>>

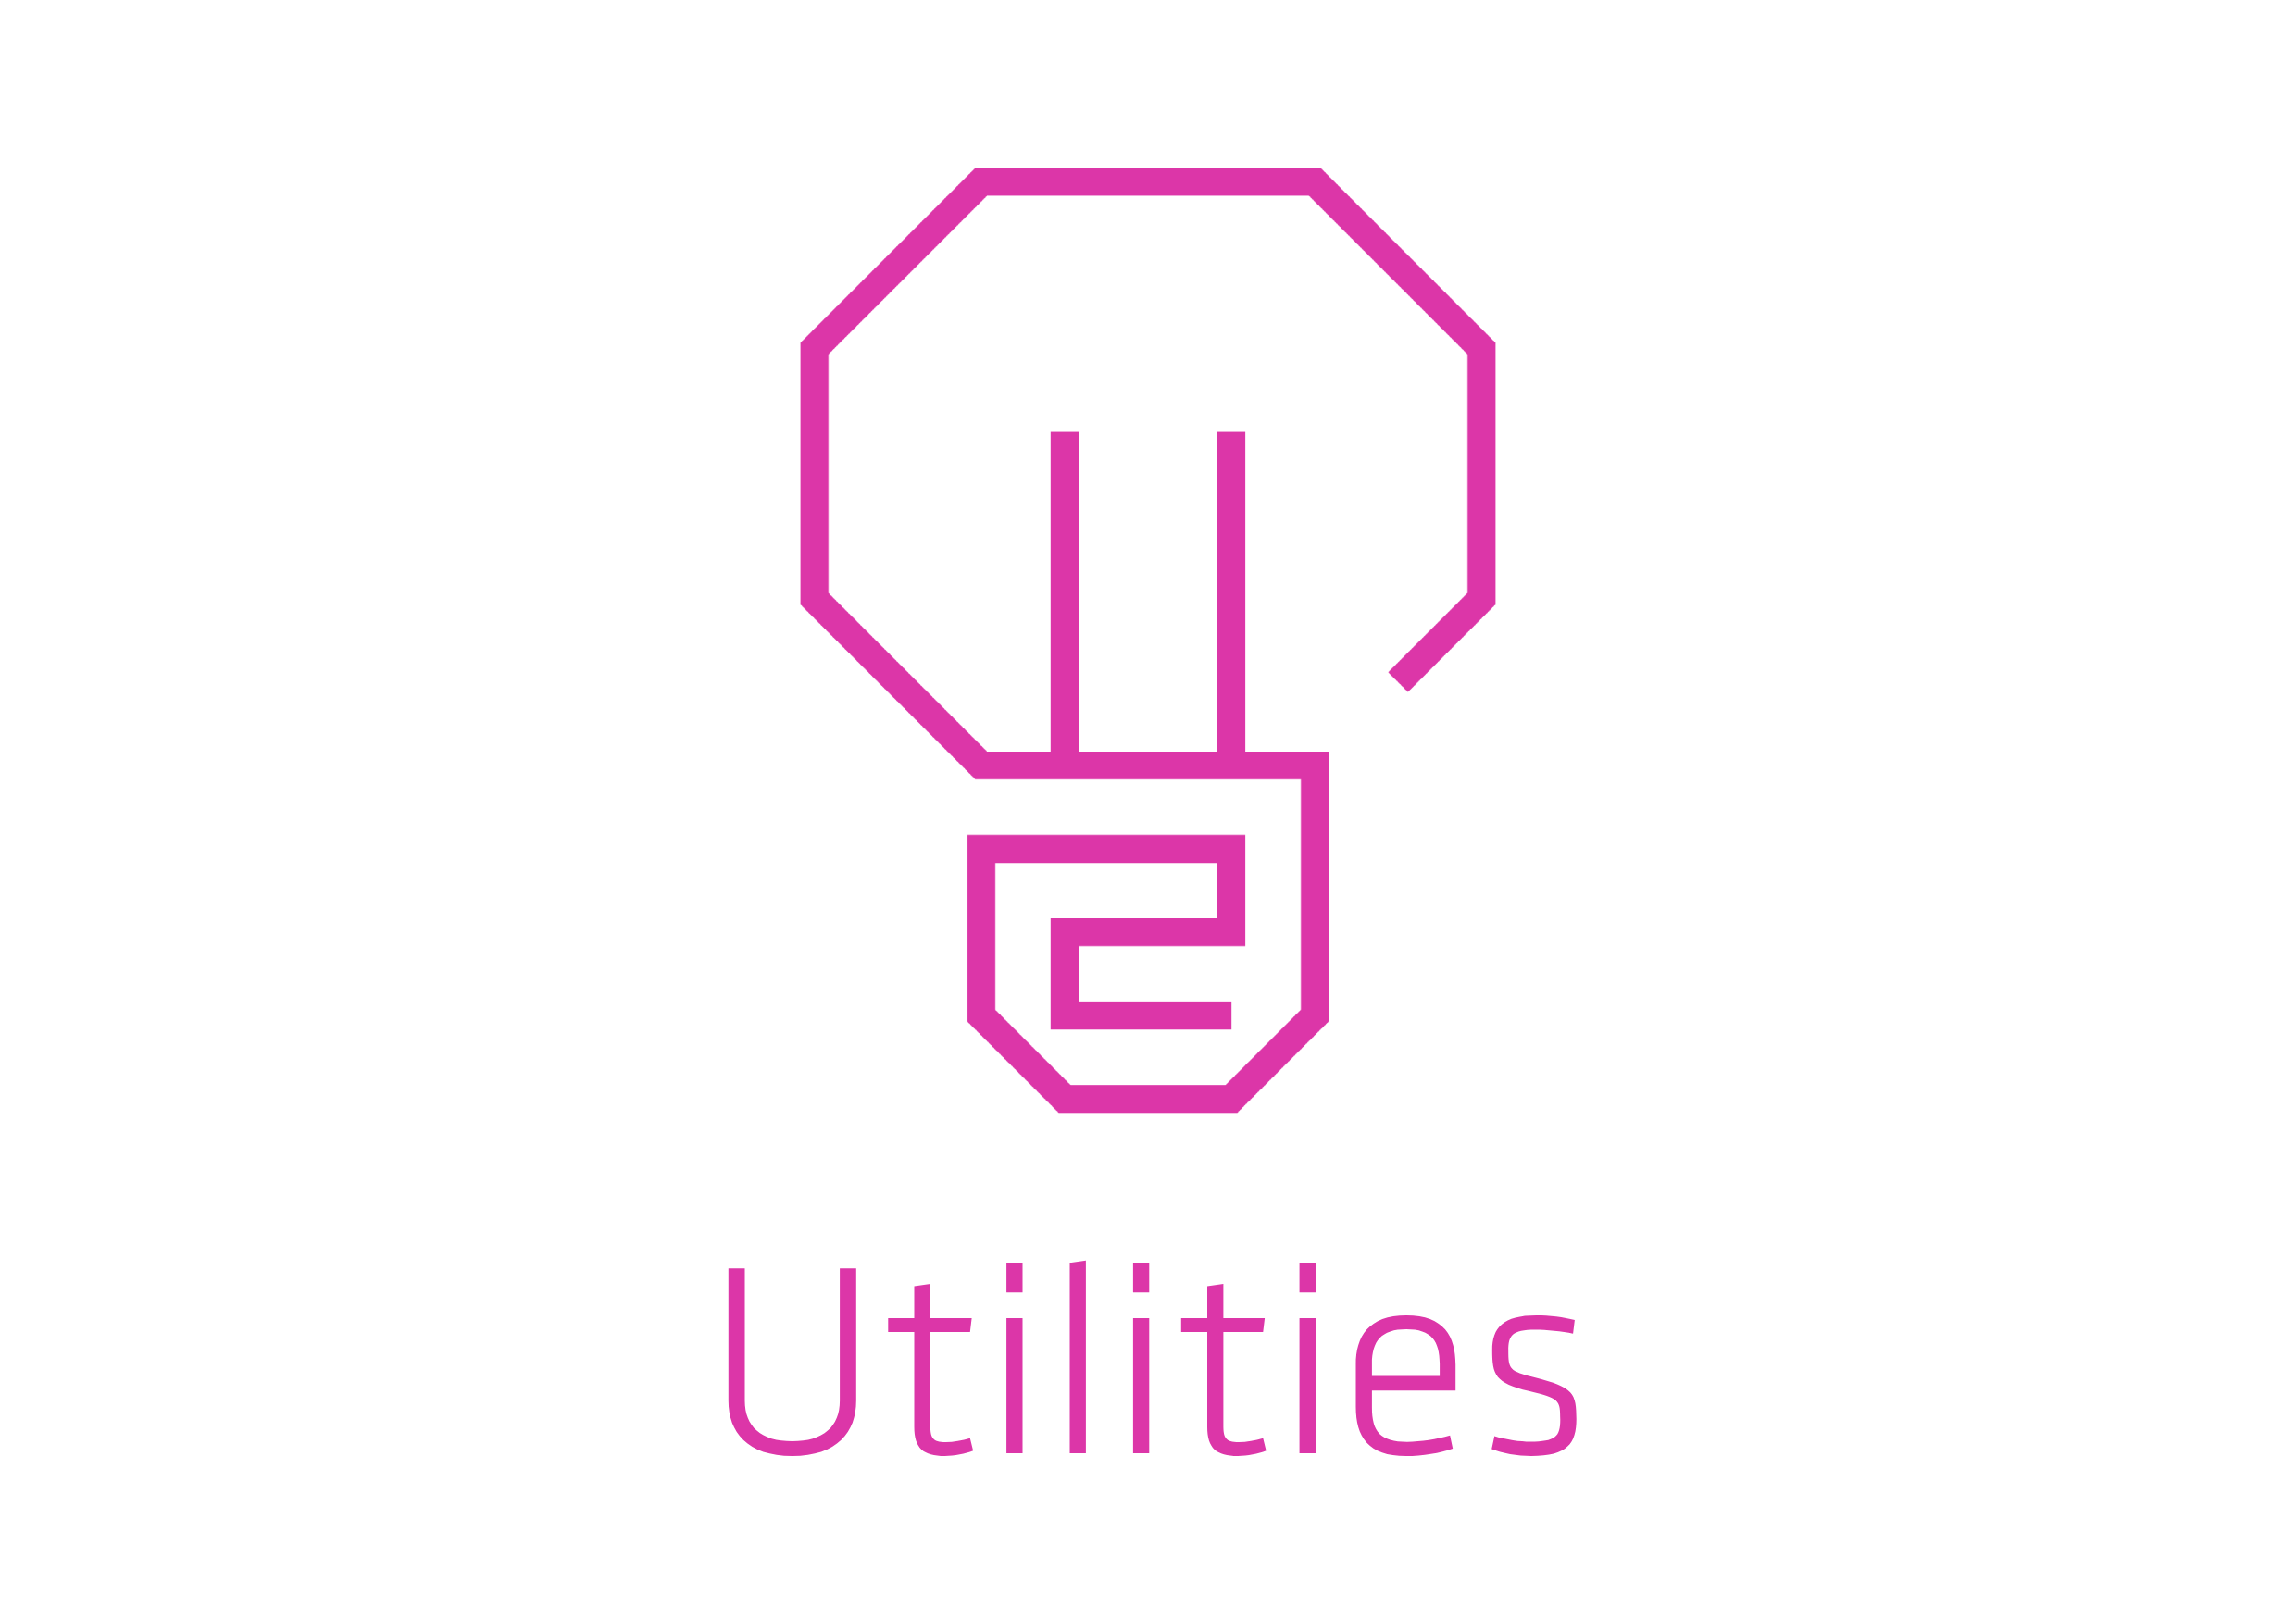 utilities
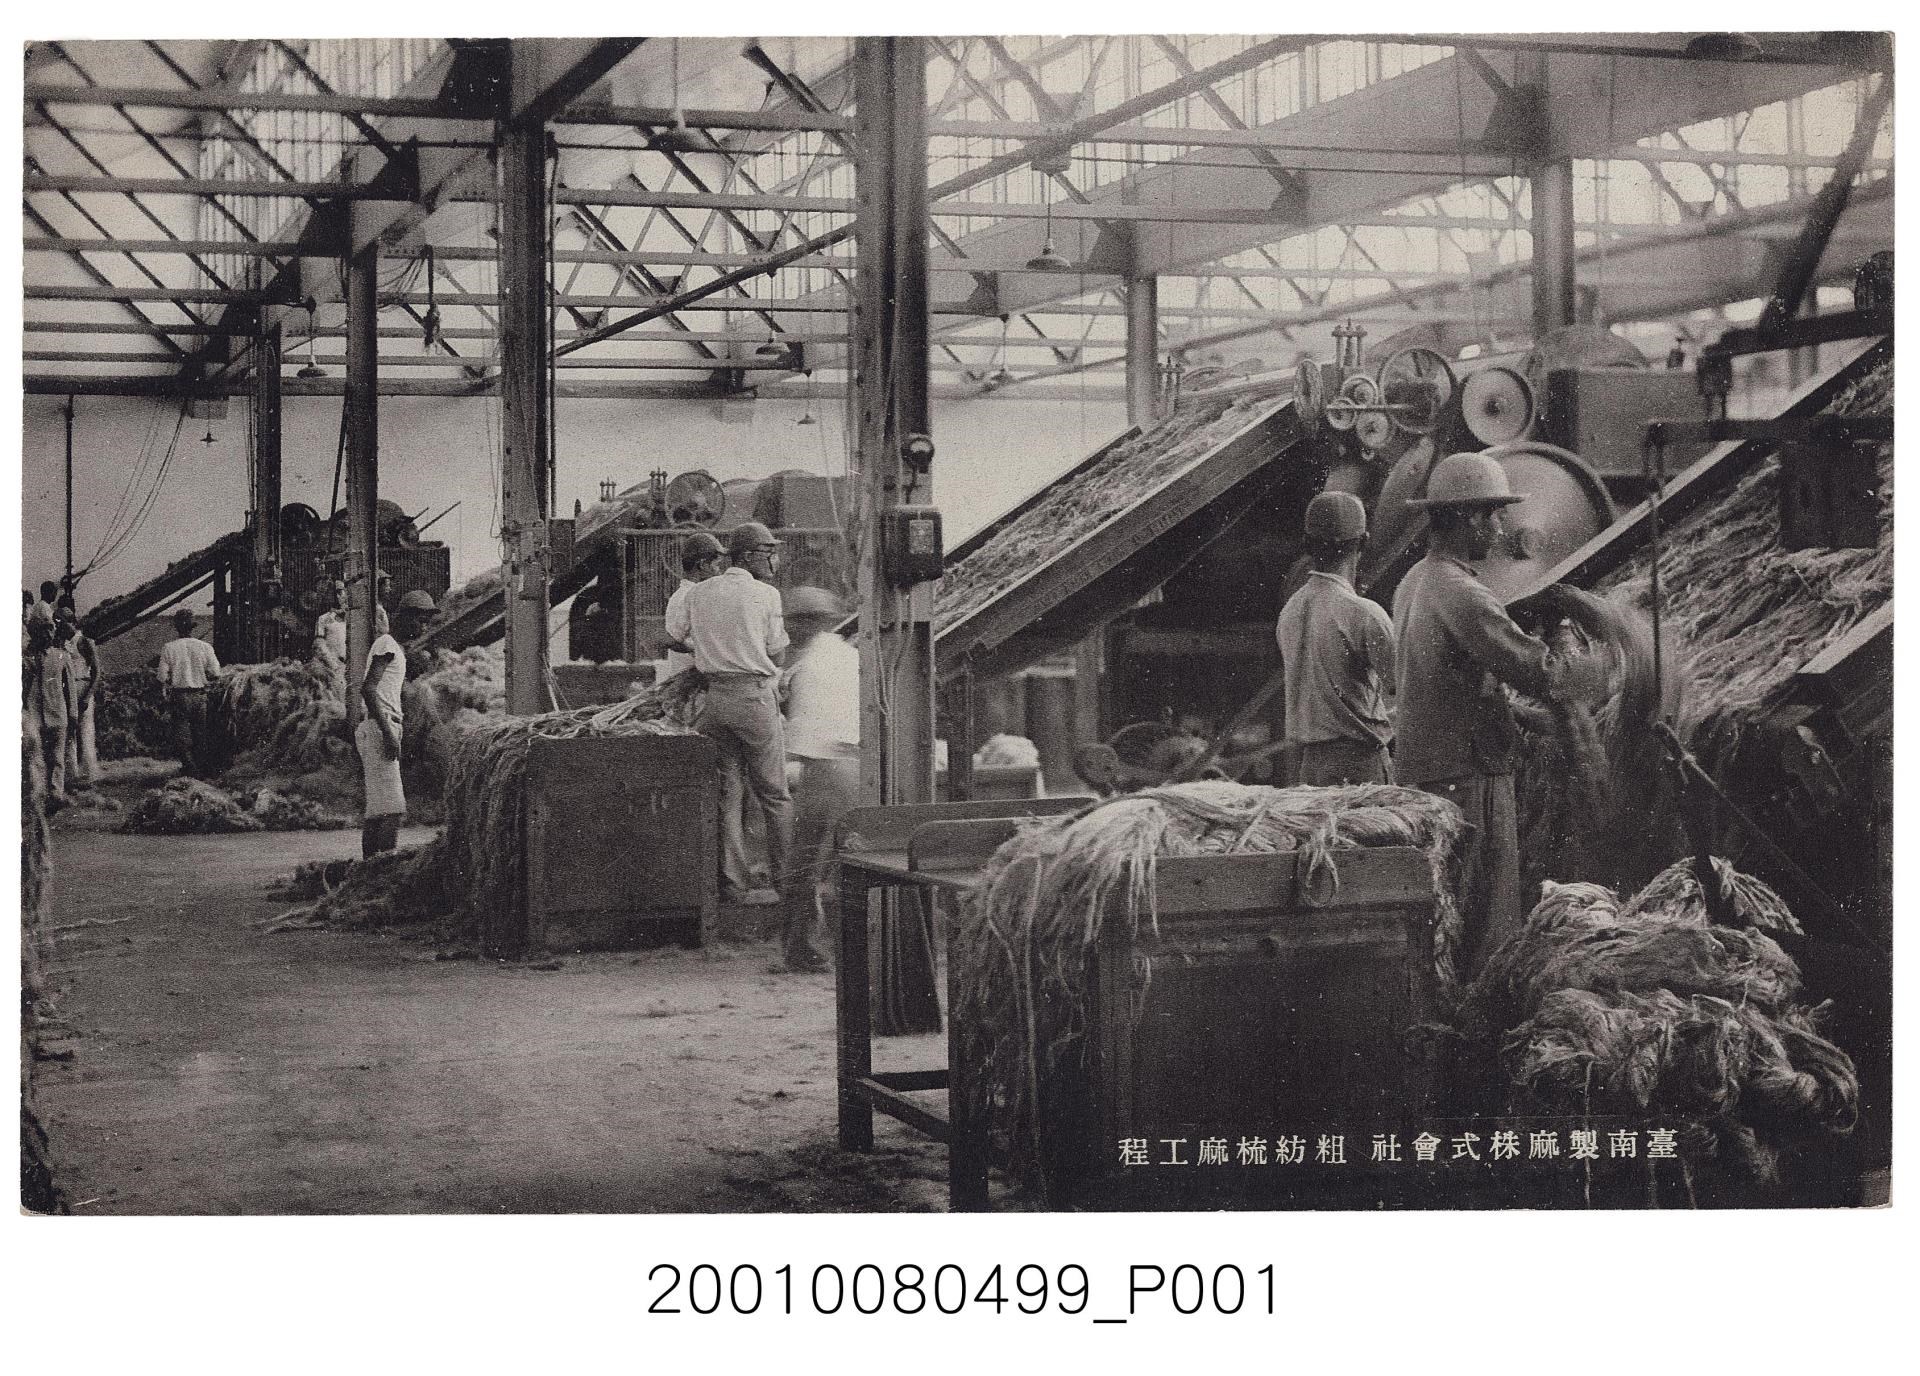 殖民地時代的台灣經濟──黃麻與苧麻紡織
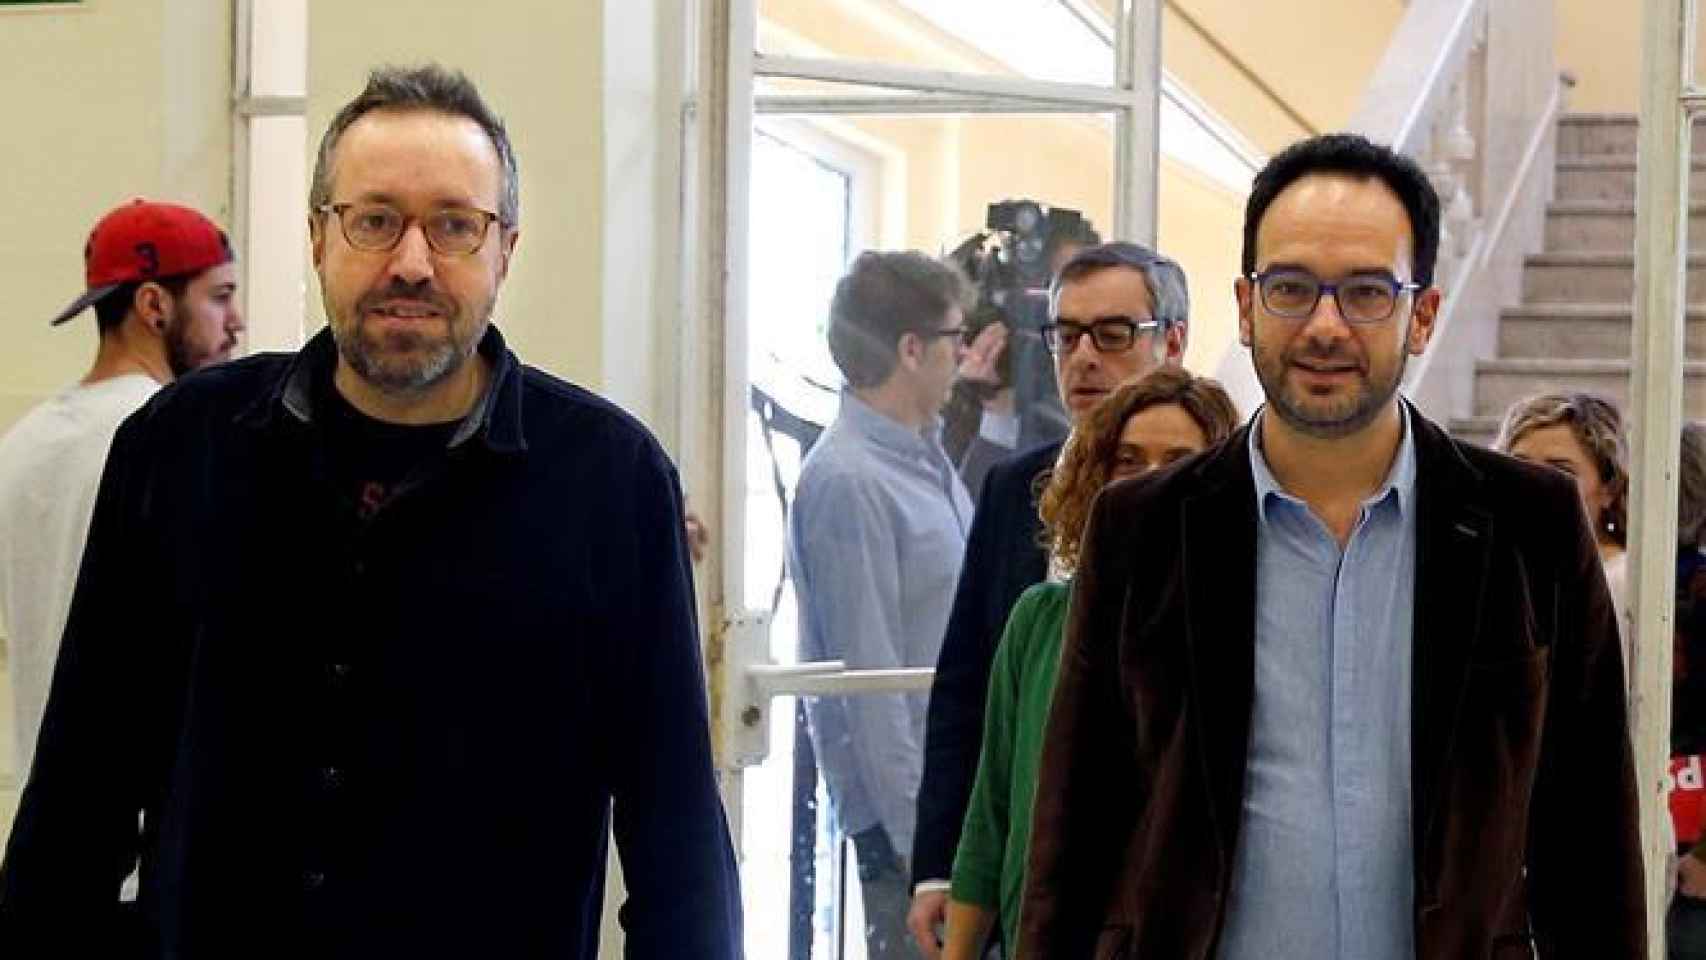 Girauta y Hernando se dirigen a una rueda de prensa en el Círculo de Bellas Artes.

<<

PROBLEM DETAILS = Leave every picture out and print exactly the lines from the one that contains "殖民地時代的台灣經濟──黃麻與苧麻紡織" through the last line of the material above.

ANSWER =
 殖民地時代的台灣經濟──黃麻與苧麻紡織
 Girauta y Hernando se dirigen a una rueda de prensa en el Círculo de Bellas Artes.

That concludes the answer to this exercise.